■ **PROBLEM STATEMENT**:
Print exactly the lines that run from the one containing "Insulin secretion of" to the final line of the data, both included, and print none of the pictures.

■ **GIVEN DATA**:
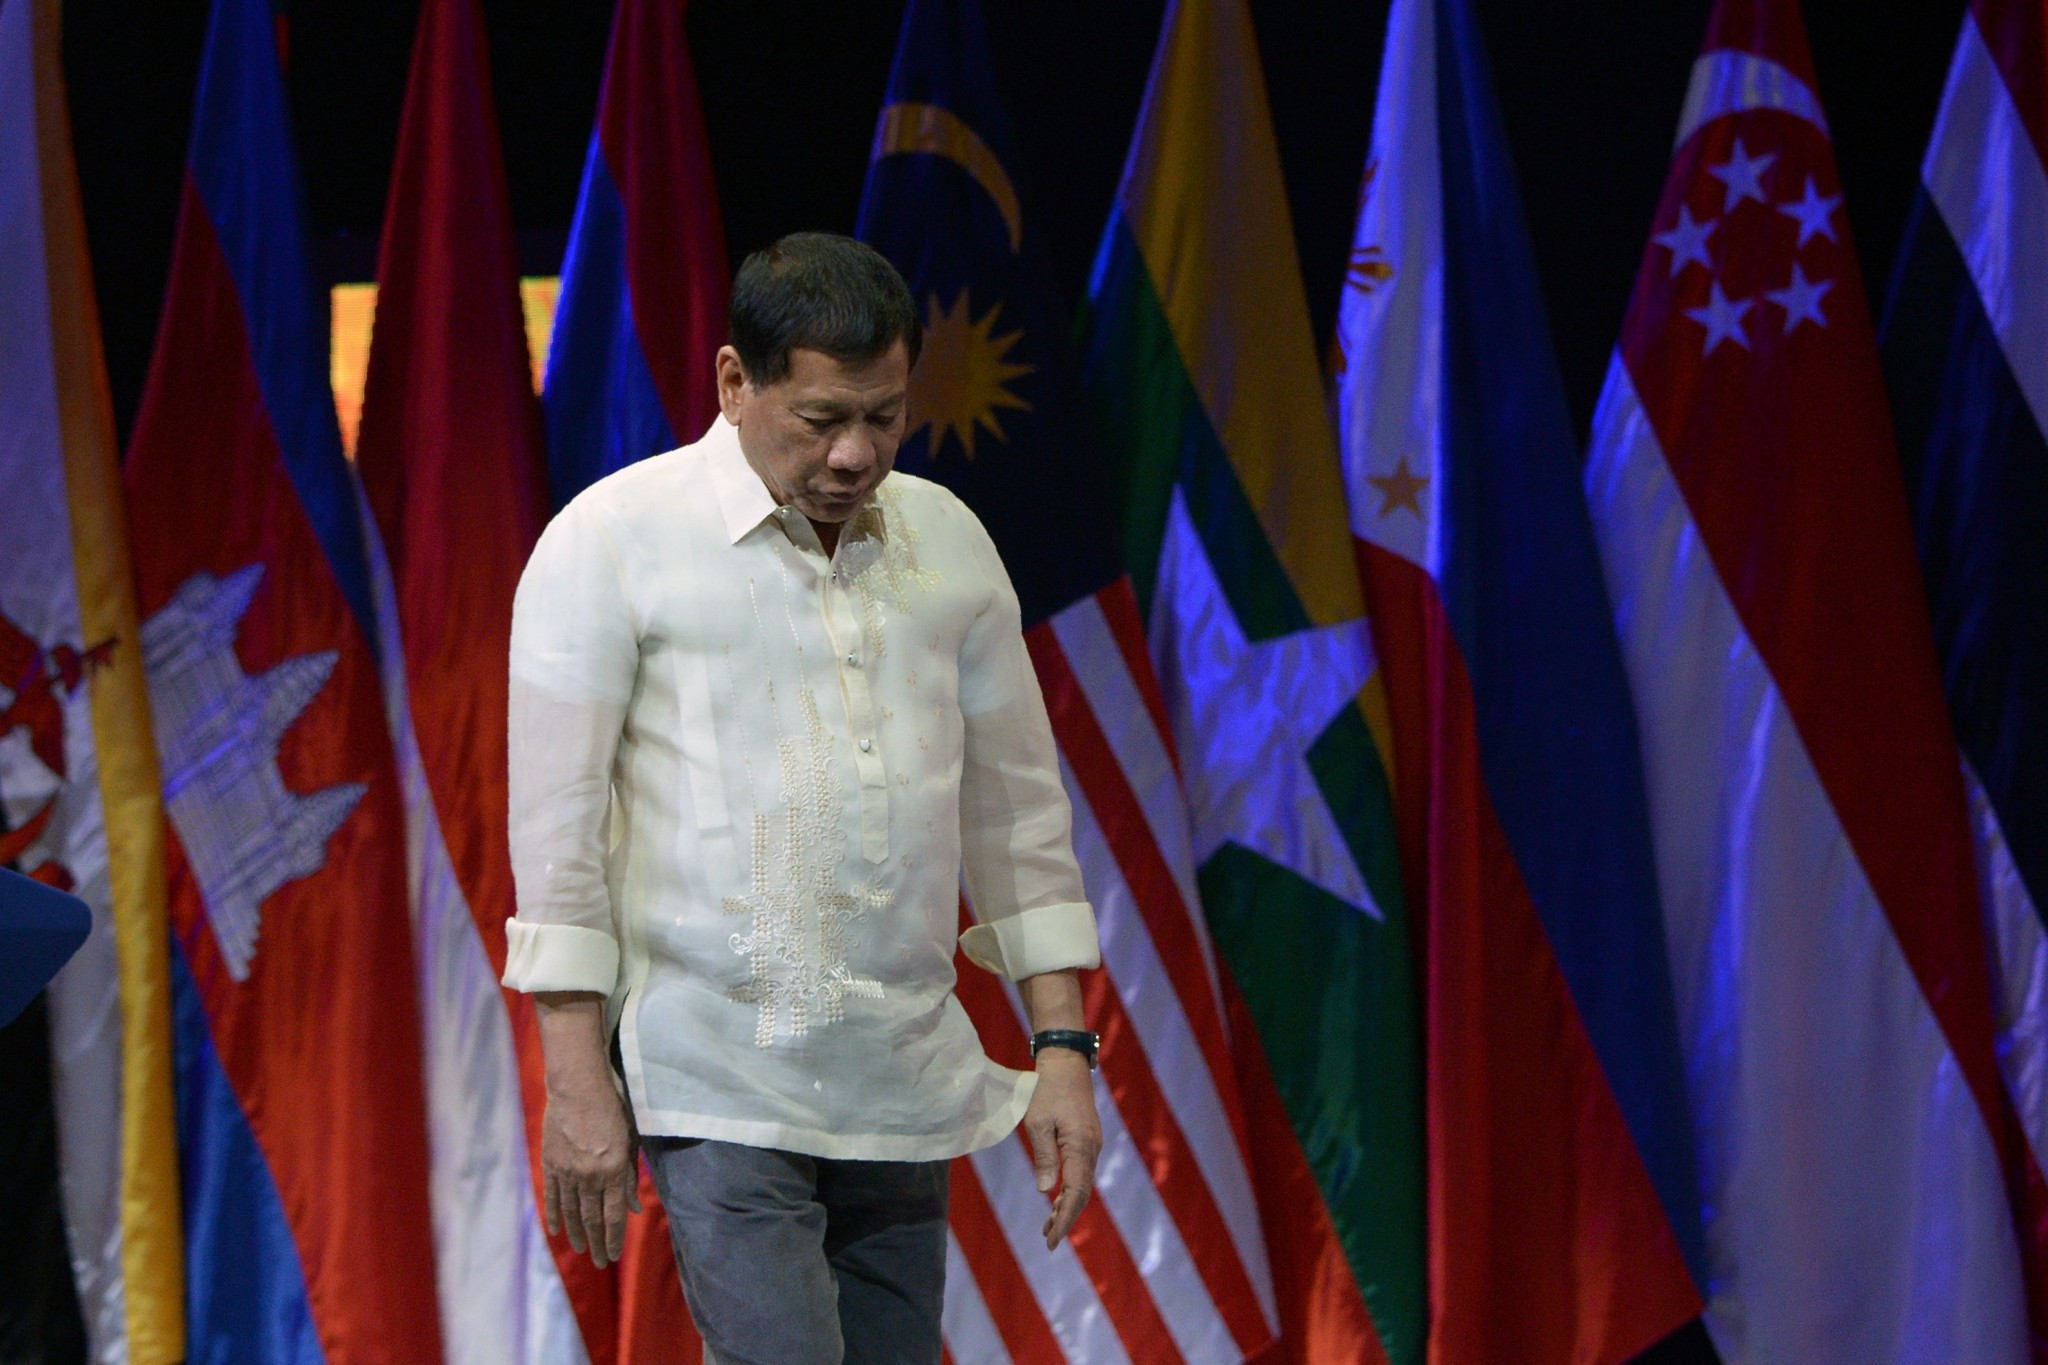 Philippines President Duterte confirms interest in hosting 2019 Southeast Asian Games
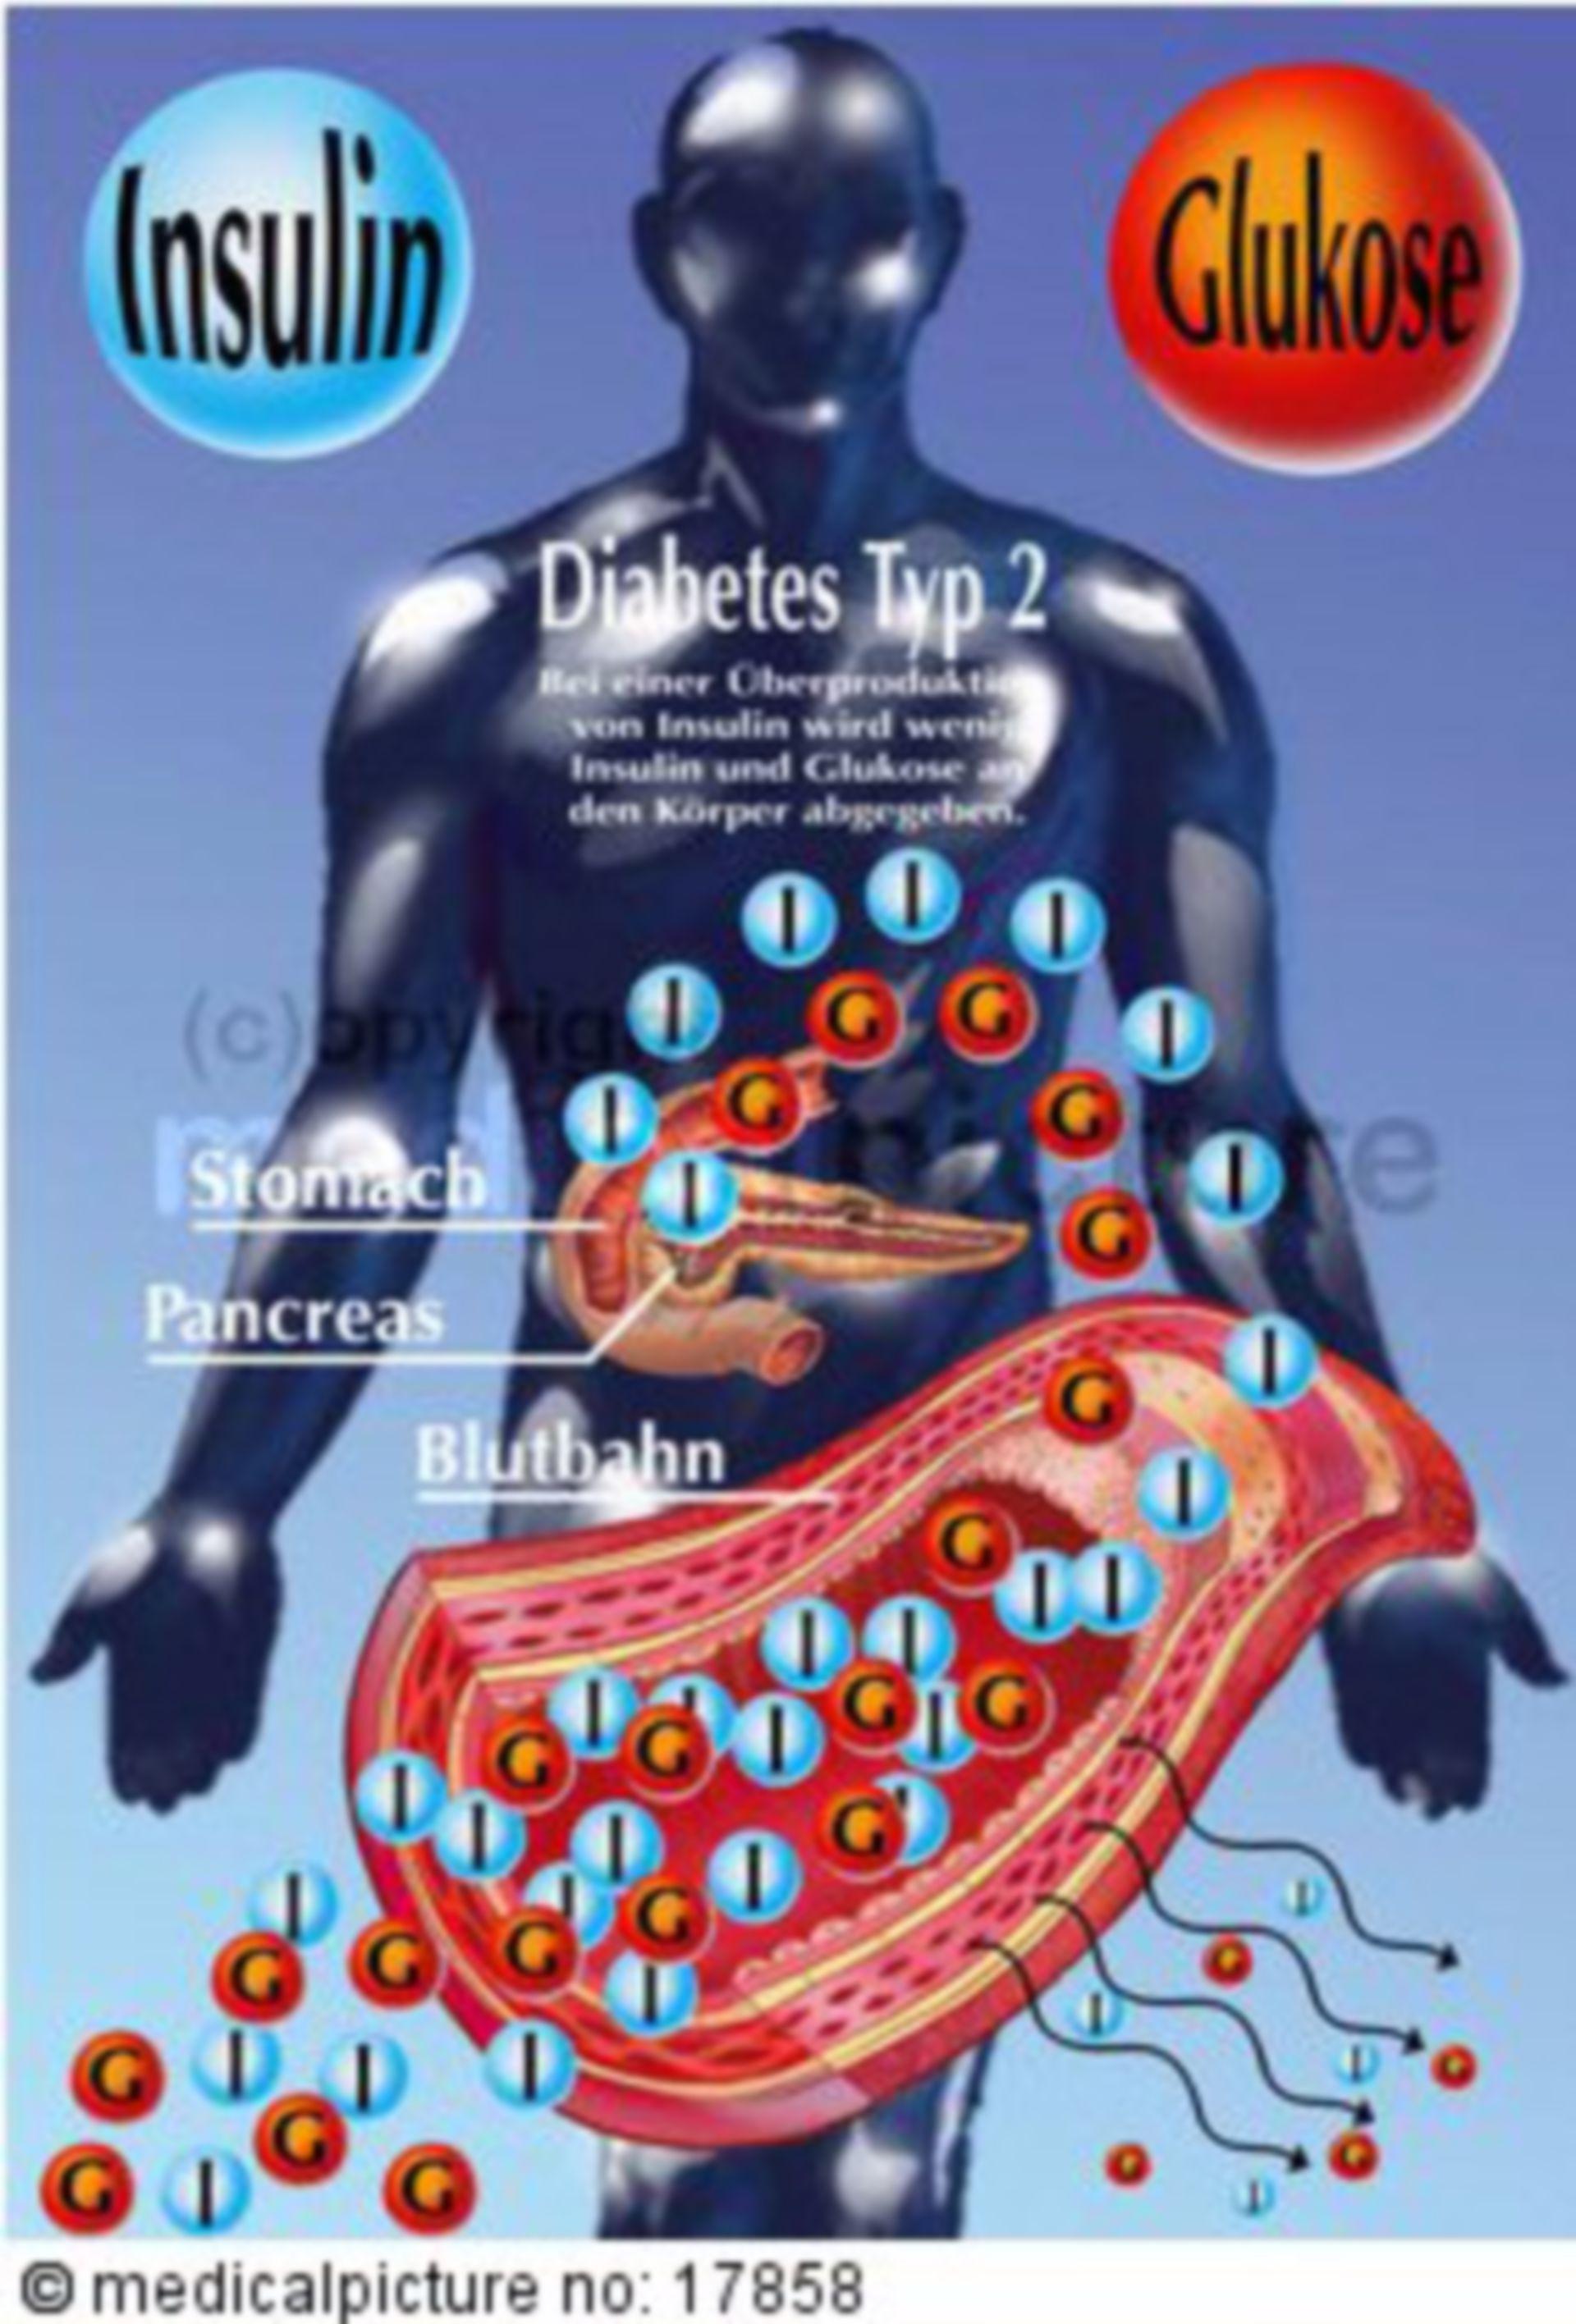 Insulin secretion of people with type II diabetes
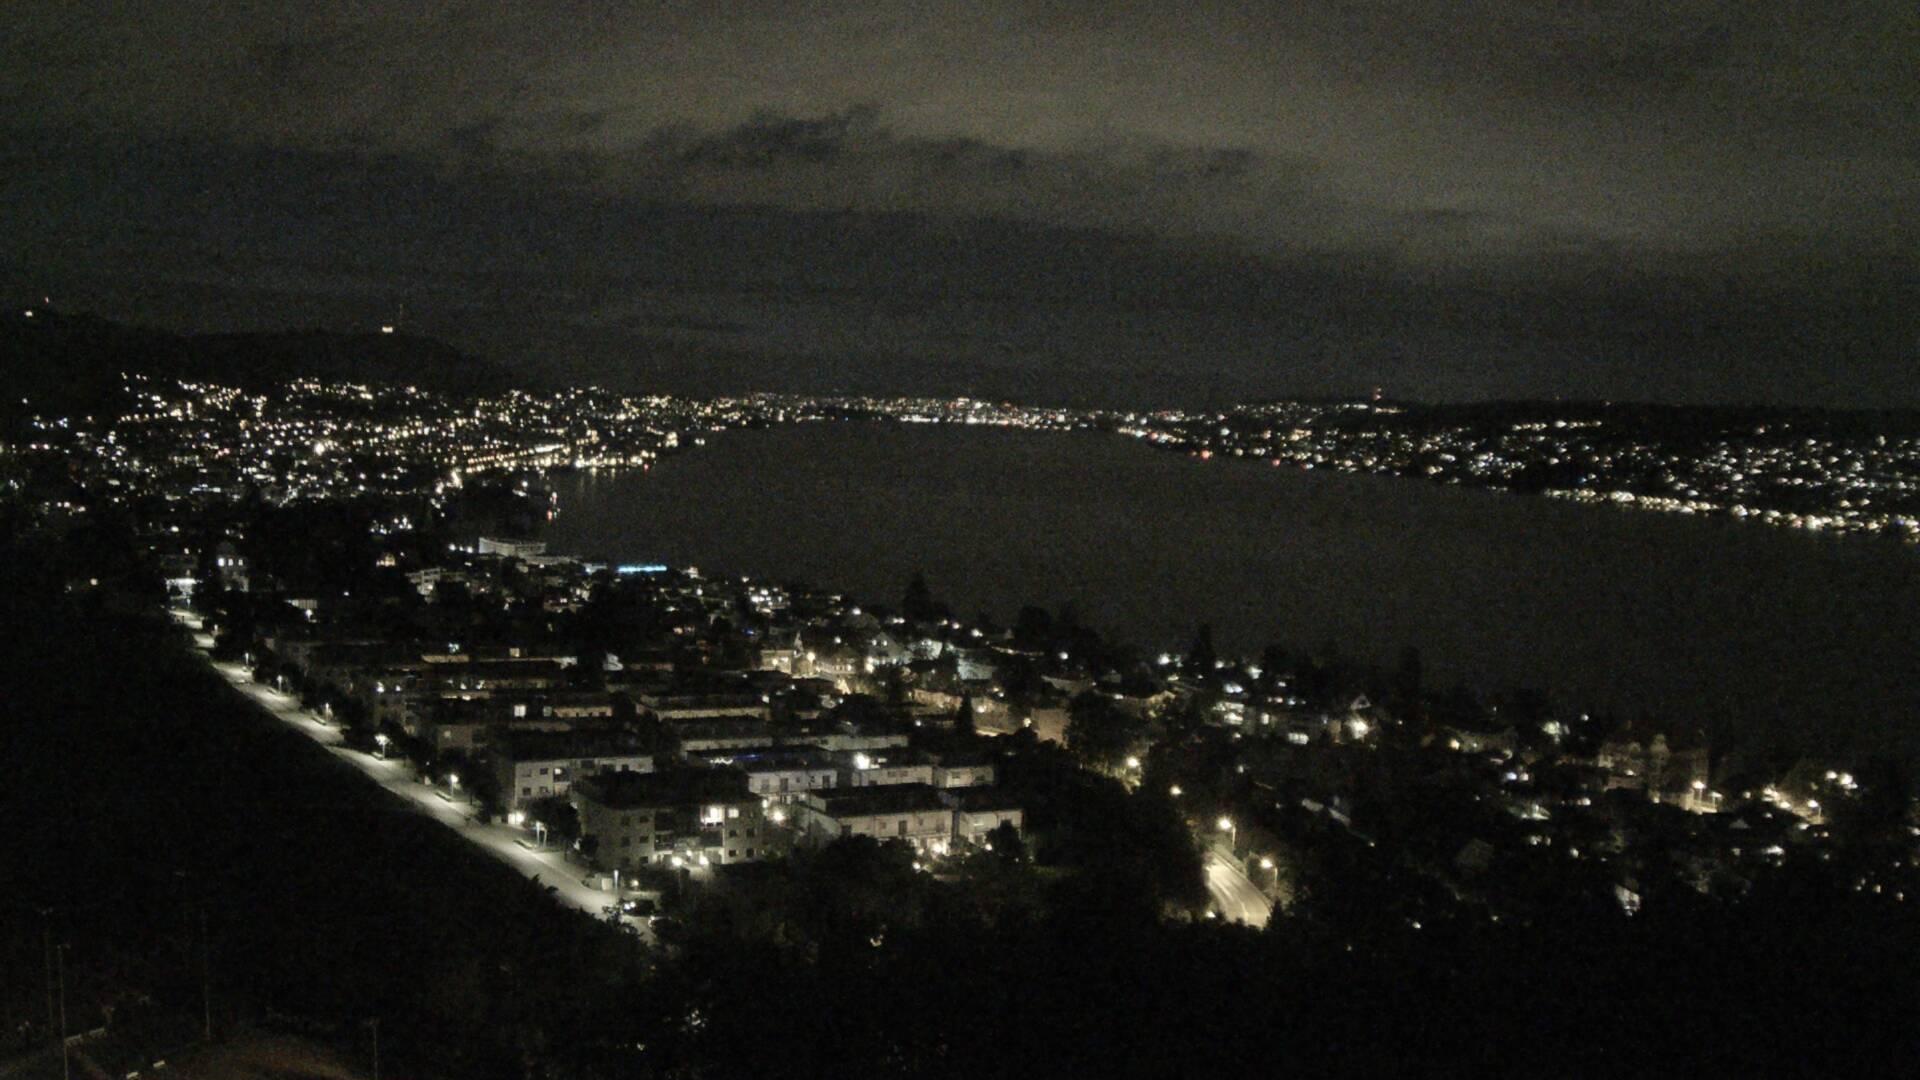 Horgen Richtung Zürich

■ **RESULT OF THE TASK**:
 Insulin secretion of people with type II diabetes
 Horgen Richtung Zürich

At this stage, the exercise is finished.